Grand Trunk Double Hammock
Grand Trunk Double Hammock
When the hammock first arrived I was excited to try it out. I had my new hammock shipped to my office and didn’t want to wait till I got home to experience it. I popped open a couple of celling tiles and found some nice sturdy rafters. The supplied tree slings where way too short, so I grabbed some 1/4 inch rope and quickly tied a suitable rig. I was a little uneasy to sit the first time, but it was pure heaven. I grabbed my computer and a drink and finished the rest of the days work in the hammock. It is now a permeant (and popular) fixture in my office.

Grand Trunk Hammock in my Office
That is, of course, when I’m not taking it into the backcountry. I recently finished a four day backpacking trip in Yosemite NP and the Ansel Adams Wilderness. At the end of each day my wife and I would string up the hammock and have what we have affectionately come to call "Hammock Time." After a long day on the trail sitting in the hammock was absolutely heavenly. Although we never slept overnight in the hammock, it felt good to be able to rest our sore bones on something other than a rock or the ground.
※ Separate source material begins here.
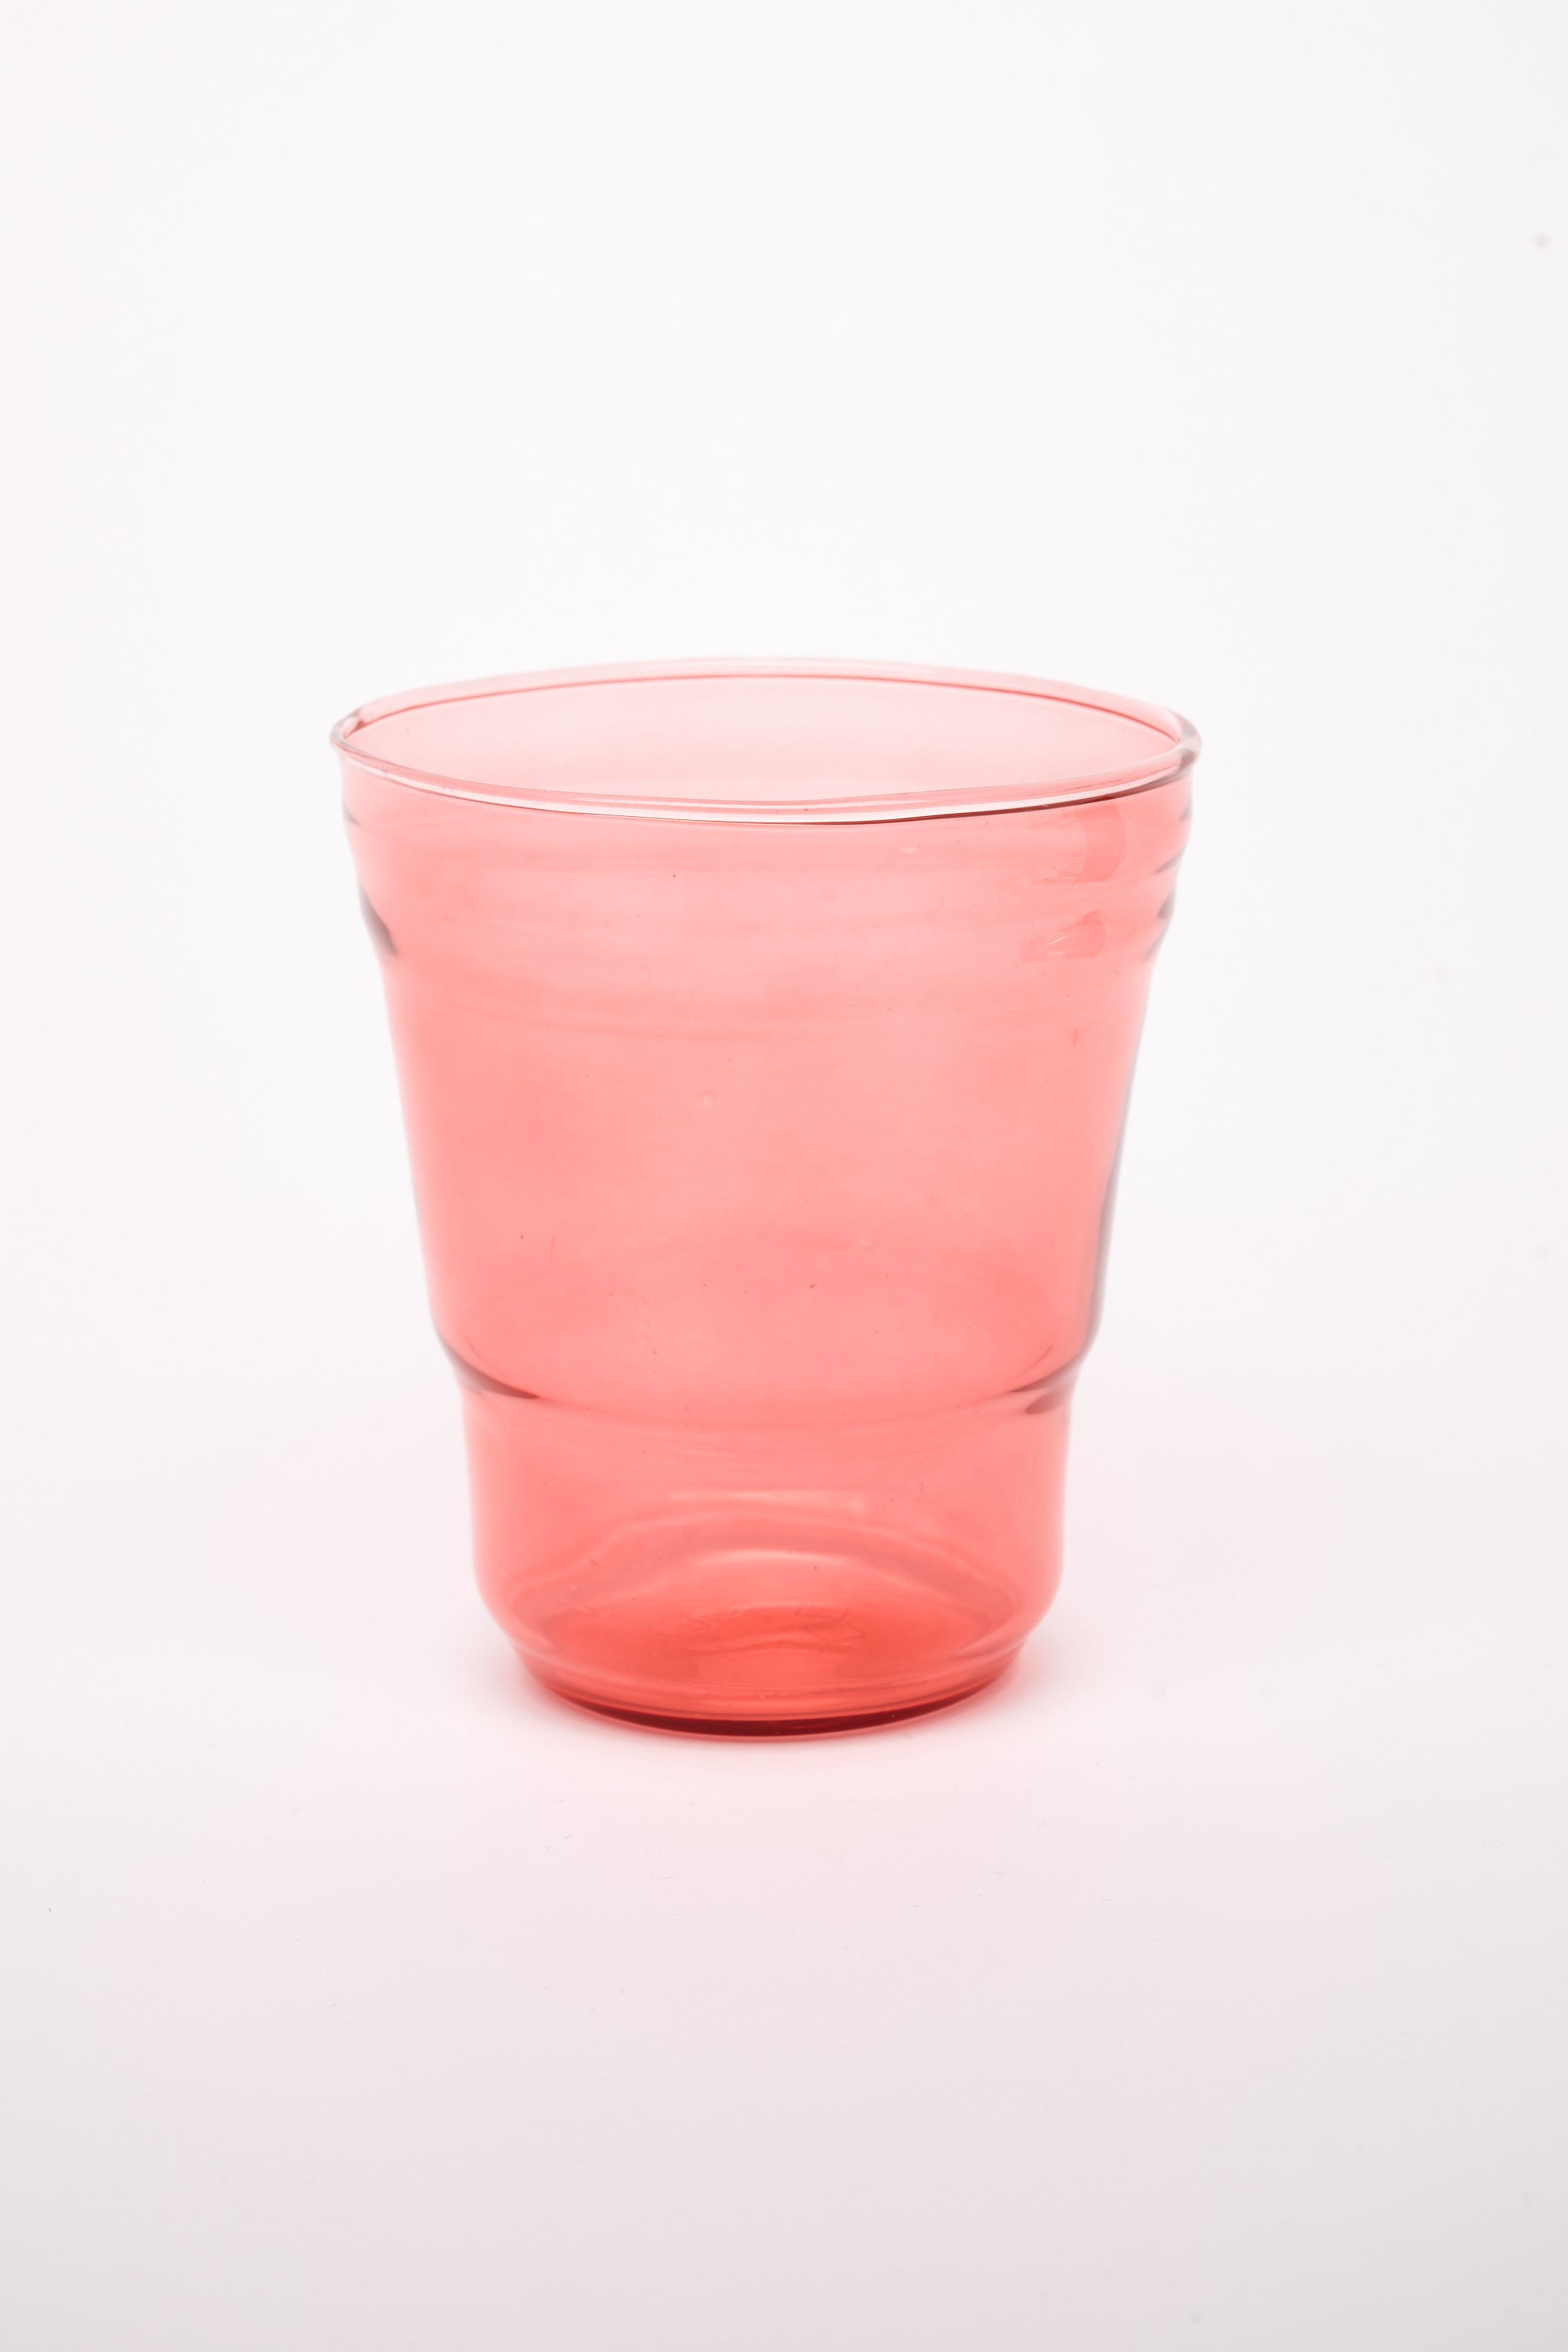 Fantastic-Not-Plastic Tall Glasses in Peony

The hammock is a luxury we will never backpack without.

Enjoying Grand Trunk Hammock
The Hammock itself is made of lightweight but strong parachute nylon. It is plenty strong to hold two people. The tree slings are two looped lengths of heavy duty rope (a little thicker than paracord) about 2-3 feet long. To hang the hammock you loop a hitch knot around a tree. The other end of the sling has several knots tied into the end at diffrent lengths. You simply clip the nautical-grade steal carabiners into the desired knot and you are ready to go.
Grand Trunk Tree Sling
The only downside (and it's a big one) is the short length of the tree slings. You really have to find two trees at the perfect distance apart and with small enough trunks that the slings will reach around. Which, even in the middle of thick forest, is pretty difficult. Trees larger than a foot in diameter are two thick for the small treeslings. Our first night on the trail we ended up using some paracord to not only span the distance between two trees but to help the slings reach all the way around the trunks. With two of us sitting in the hammock I was pretty nervous trusting our weight to the paracord, but it held. The next night I found some thicker rope at our campsite. It was long and thick and I used it to tie a long tree sling. It was a mistake to use a rope I found on the ground. With two of us, the rope broke and threw my wife's back against some jagged rocks. After that we didn't use anything but the provided treeslings, which left us looking (for what seemed like hours) for two trees that would work. Needless to say it put a real damper on hammock time. To make the hammock work in the backcountry you need to carry long, sturdy, and heavy rope, which just isn't practical. It definitely makes the hammock a real luxury choice, which may not appeal to every backpacker. 

I had to rig some paracord just to get the tree sling to reach around some trees
Their website says the Grand Trunk Double weighs 20 oz. My scale showed 28 oz with slings and carabiners all packed inside the stuff sack. The tree slings by themselves weigh 3.6 oz together. I think some high quality aluminum carabiners would be a nice upgrade. The nautical-grade steal carabiners weighed in at 2.1 oz each.

Disclosure of Material Connection: I received Grand Trunk Double Hammock for free from Grand Trunk as coordinated by Deep Creek PR an Outdoor Industry Public Relations Company in consideration for review publication.